OOB customer communications (Re: Looking for Support Contact at Equifax)

JC Dill jcdill.lists at gmail.com
Sun Apr 26 23:18:09 CDT 2009

William McCall wrote:
> I could see someone complaining about the idea of letting a third party
> carry outage info like that... at least in my environment.
How else do you propose getting outage information to your customers?

If the information provider is under your control (not a 3rd party), 
then whatever took out your primary services (internet services, phone 
services) might also take out your access to the outage channel that is 
under your control (e.g. fat-fingered admin messes up an ACL).

I *like it* when my service provider has an OOB network outage channel.  
My biggest complaint has been with networks that setup a channel like 
this but then get "too busy" during an outage to make use of it.  If you 
are going to setup a channel like this, make sure you use it.  Also, if 
you post a partial update, make sure you follow up with more information 
when you have it.  Some of us read the archives to see if this 
information was posted and followed-up on in a timely fashion, to 
evaluate the outage reporting service record before signing up.
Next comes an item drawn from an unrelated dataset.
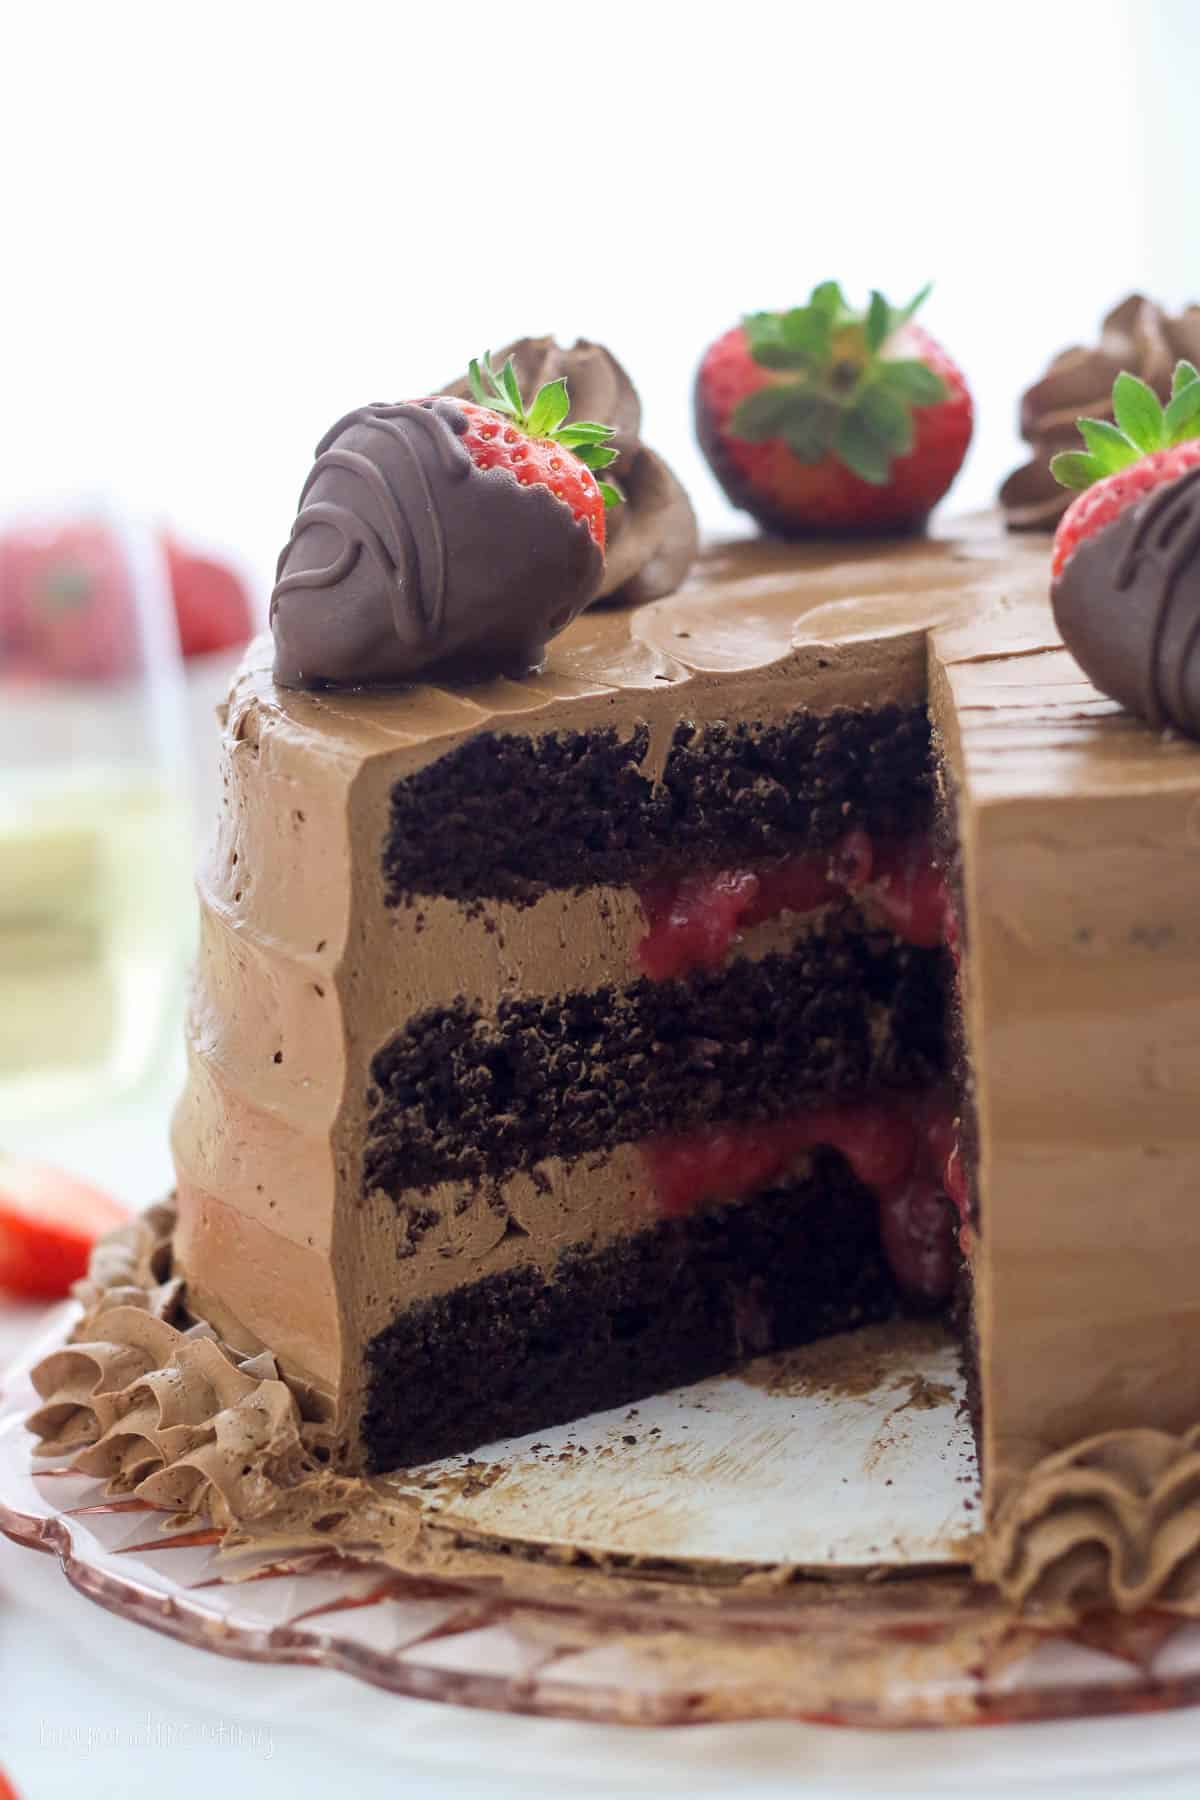 Chocolate strawberry cake decorated with chocolate frosting swirls and chocolate covered strawberries, with a slice missing to show the strawberry filled layers inside.

Suresh Ramasubramanian wrote:
> If your email and phone communications are down due to a connectivity
> break, and your customers get connectivity from you [assume no backup
> links, by default .. you'd be surprised at how many smaller customers
> get by with a single link and no backups at all.  If their
> connectivity is down too - they just cant get to twitter right?
Um... what about text messages to these newfangled cell phone thingies? 


Unless you are AT&T or Comcast (or similar) and your customers have 
U-Verse or Comcast Triple Play (or similar) it has to be a fairly 
widespread outage to take out your customer's landlines, internet, and 
cell phones too.  If your network has that big of an outage, your 
customers can follow the outage news updates on the radio.